If you want to make the most of your old age, taking the time to prepare for retirement is a smart bet. But if these things apply to you, it might be time to revisit your plan.
1. You assume that you will only need 15 years of income or less
Americans are living longer today. If you retire in your mid to late 60s, chances are you’ll need your savings for 20 years or more. And so, if you expect to need fewer years of income, you could end up selling yourself short.
Of course, there is no way of knowing how long you will live. But you might want to err on the side of being positive and increase your savings rate to make sure you have enough nest egg to support you through retirement. Even contributing an additional $ 100 per month to an IRA or 401 (k) plan over time could go a long way.
2. You think you will do very well with Social Security
Many people assume that they will do very well living primarily – or solely – on Social Security. In reality, these benefits will only replace about 40% of your salary if you are an average employee. And if your income is above average, it will replace even less.
In addition, it is possible that social security benefits will be reduced in the not-so-distant future. The program’s trust funds may run out of money by 2034, when Social Security may not have enough income to meet scheduled payments.
This is yet another reason why it is worth tweaking your retirement plan, namely by increasing savings. Even if social security is not removed, you should still plan to have it provided some of your retirement income, not all of it.
3. You think your health costs will go down under Medicare
Many people assume that once they enroll in Medicare, their health care costs will become much more manageable. Often the opposite happens.

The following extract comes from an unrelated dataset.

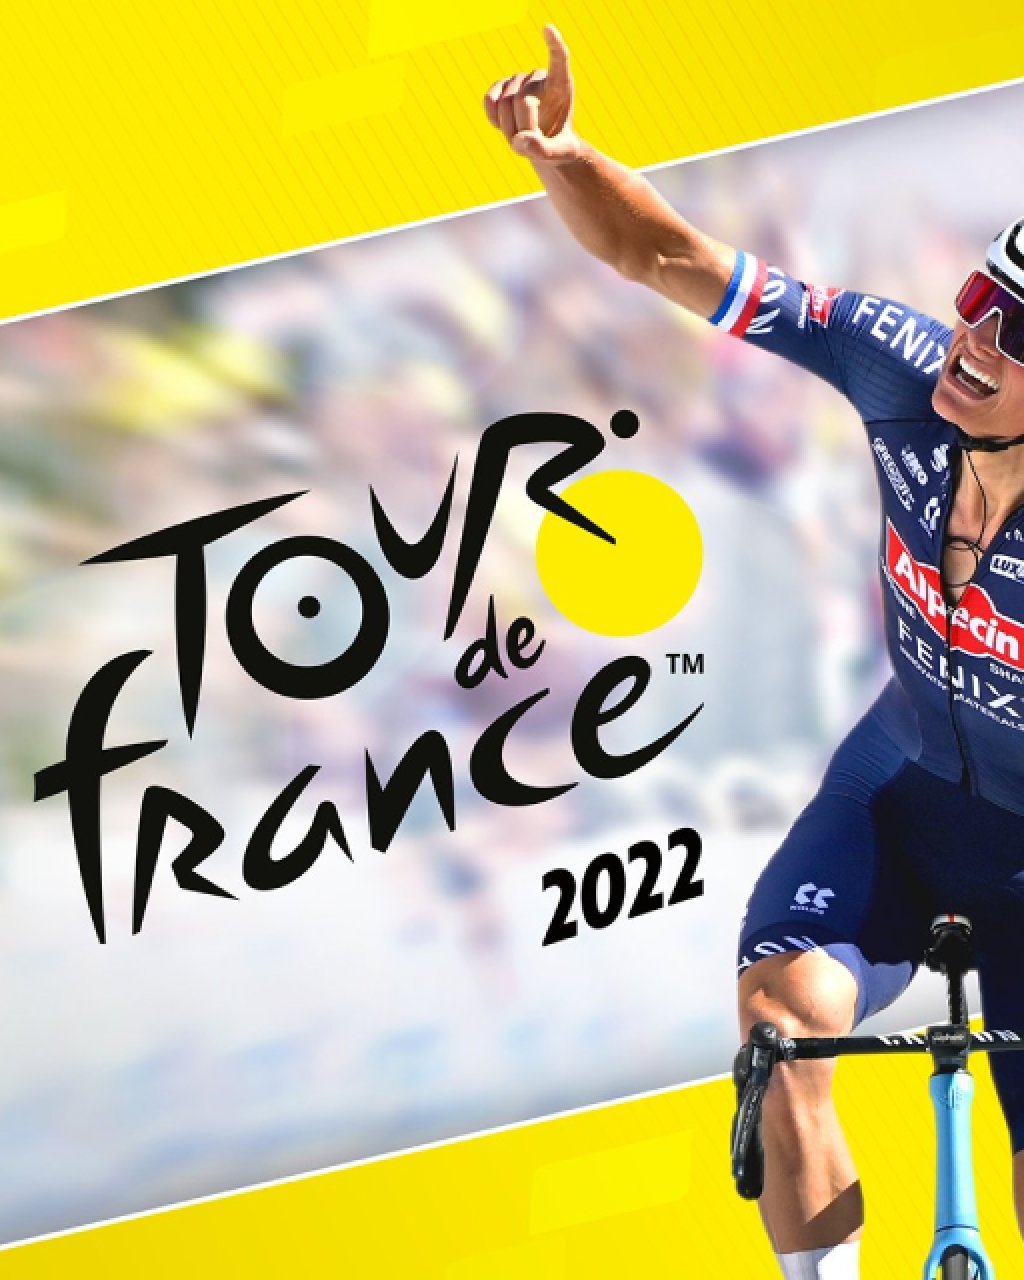 Tour de France 2022 (DIGITAL)

Seniors on Medicare are responsible for a number of costs, from premiums to deductibles to co-payments. In addition, there are some essential services that Medicare does not pay for, such as dental care and eye exams.
If you plan to spend less money on health care in retirement, there are some numbers you better repeat. Fidelity estimates that the average 65-year-old man who retires this year will spend $ 143,000 on medical care, while the average 65-year-old woman will spend $ 157,000.
You can prepare to better manage these costs by putting money aside in a health savings account, assuming you are eligible (eligibility depends on enrollment in a deductible health insurance plan. high). Otherwise, you can increase your savings in your IRA or 401 (k) to cover your future health needs.
Planning for retirement is a smart thing to do, but it’s also important that your planning is precise. If these signs apply to you, you may need to revisit your plan so that you don’t find yourself strapped for income during your old age years.